*The task*. The entries that follow need to be printed exactly as they are, minus any pictures.

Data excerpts
########

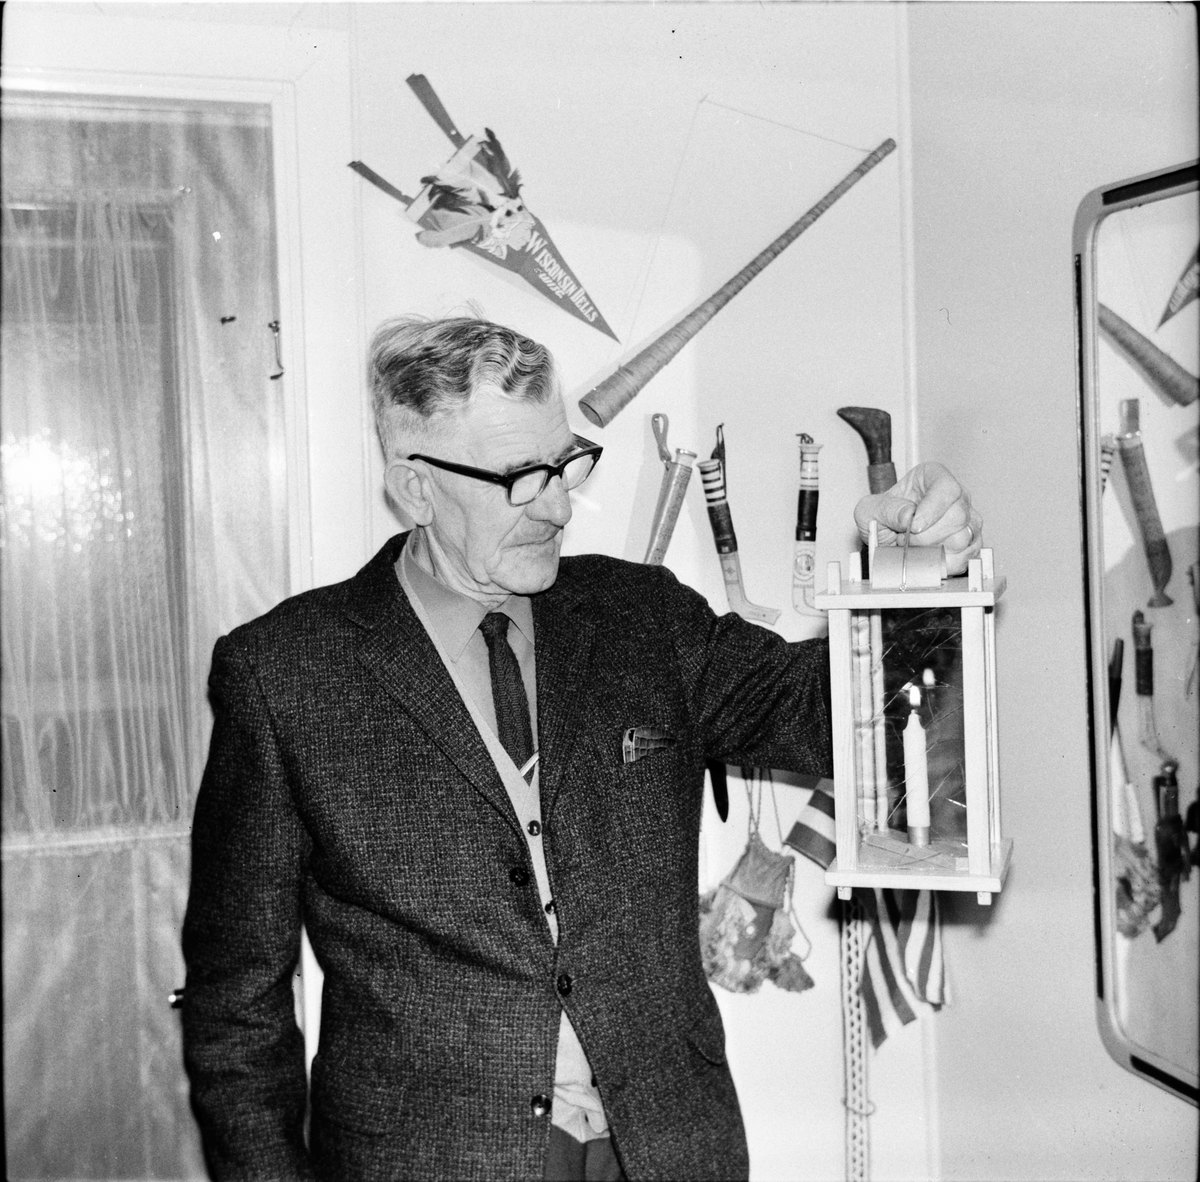 Arbrå,
Johan Asplin med stallykta,
23 December 1967
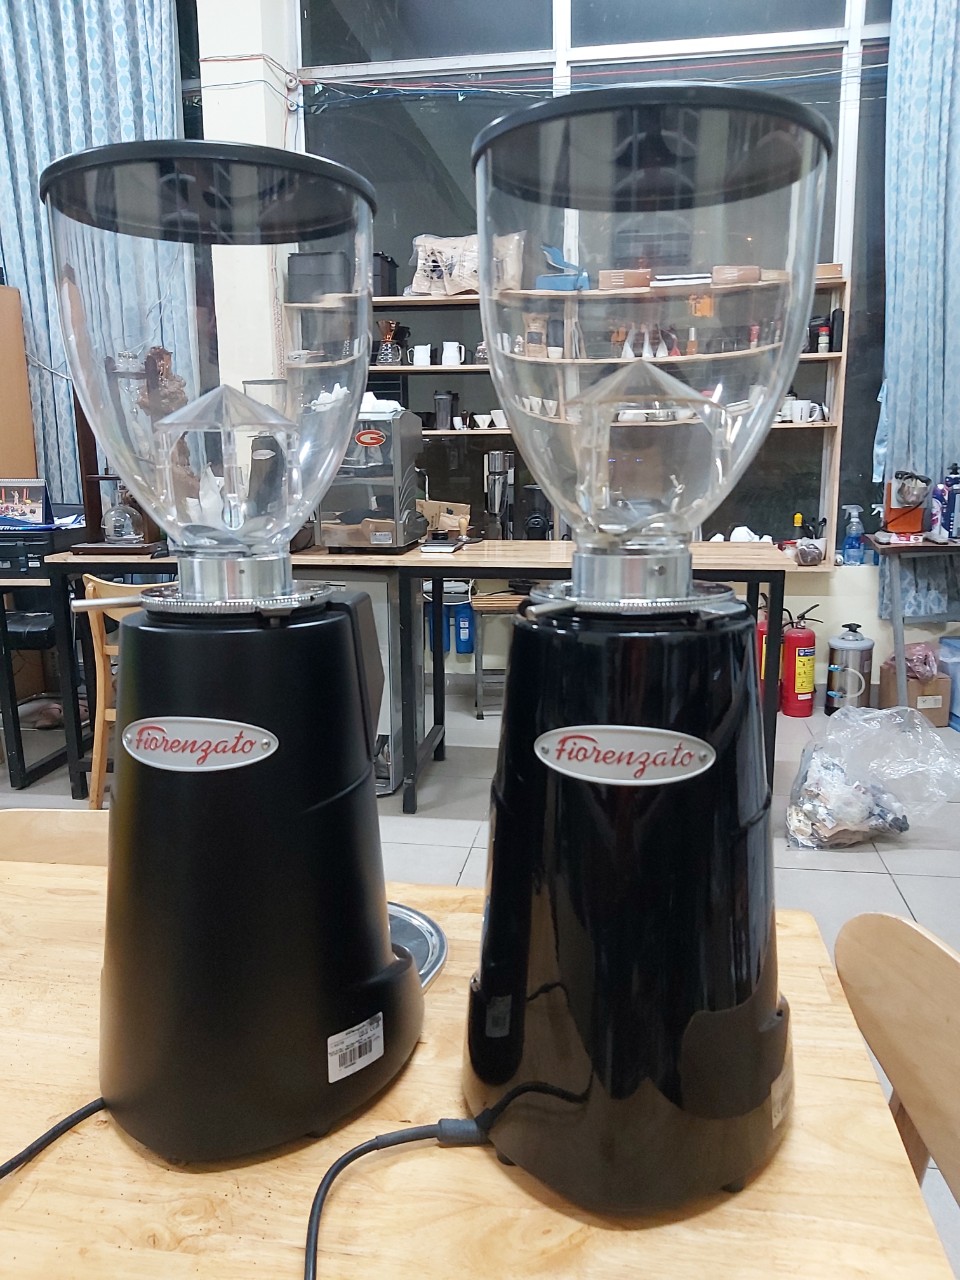 Thanh lý máy xay cà phê chuyên nghiệp Fiorenzato F64E nhập khẩu Ý
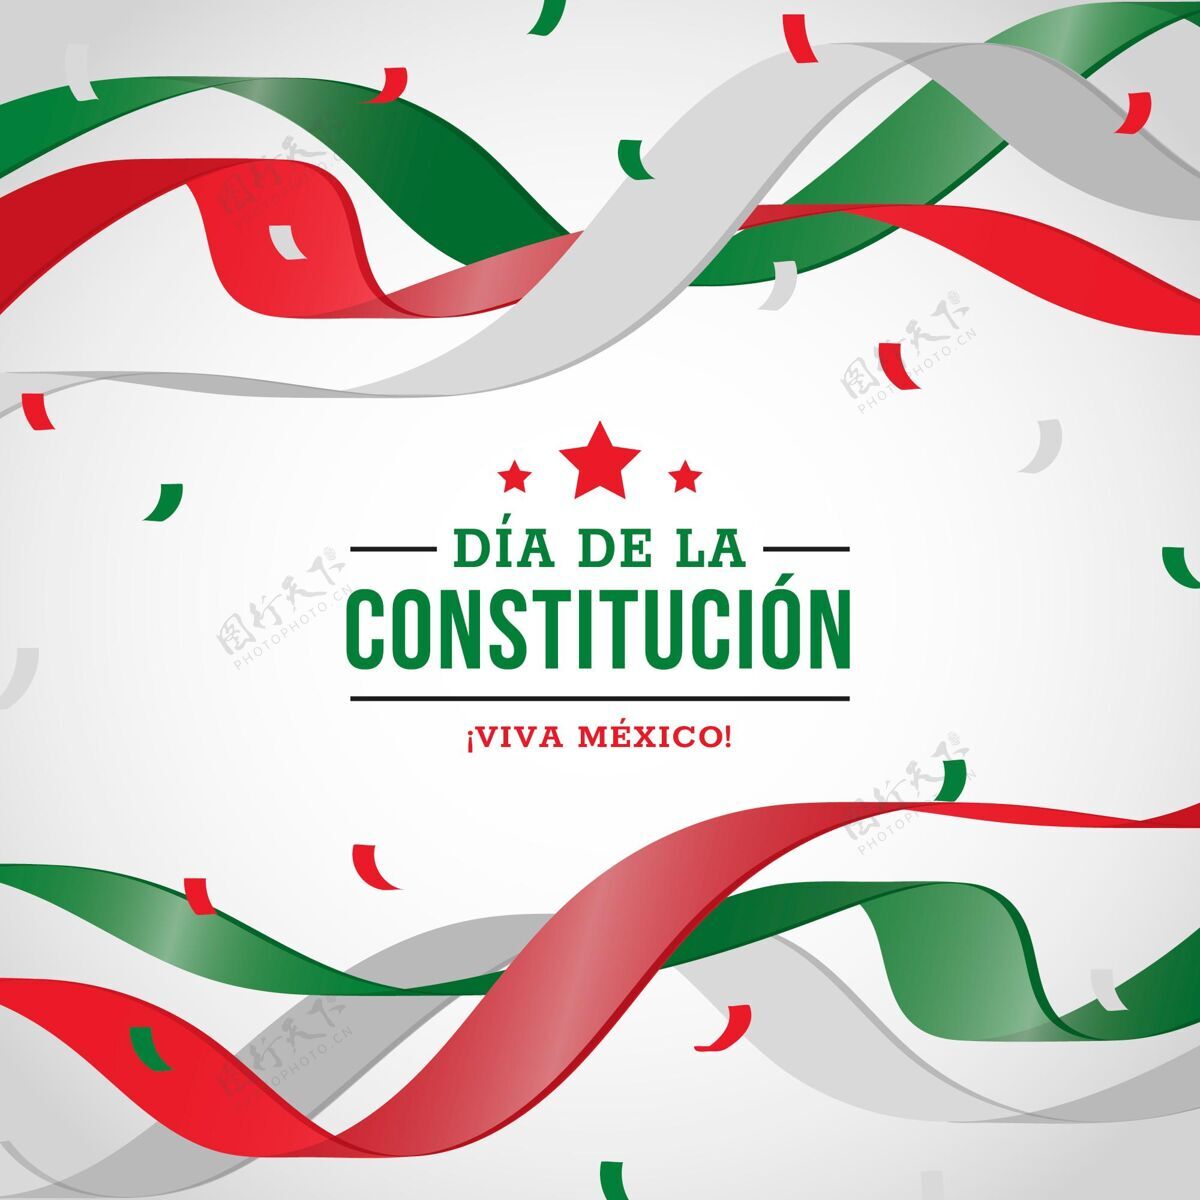 节日墨西哥宪法日民主权利国家

########

*Solution to this problem*.
 Arbrå,
Johan Asplin med stallykta,
23 December 1967
 Thanh lý máy xay cà phê chuyên nghiệp Fiorenzato F64E nhập khẩu Ý
 节日墨西哥宪法日民主权利国家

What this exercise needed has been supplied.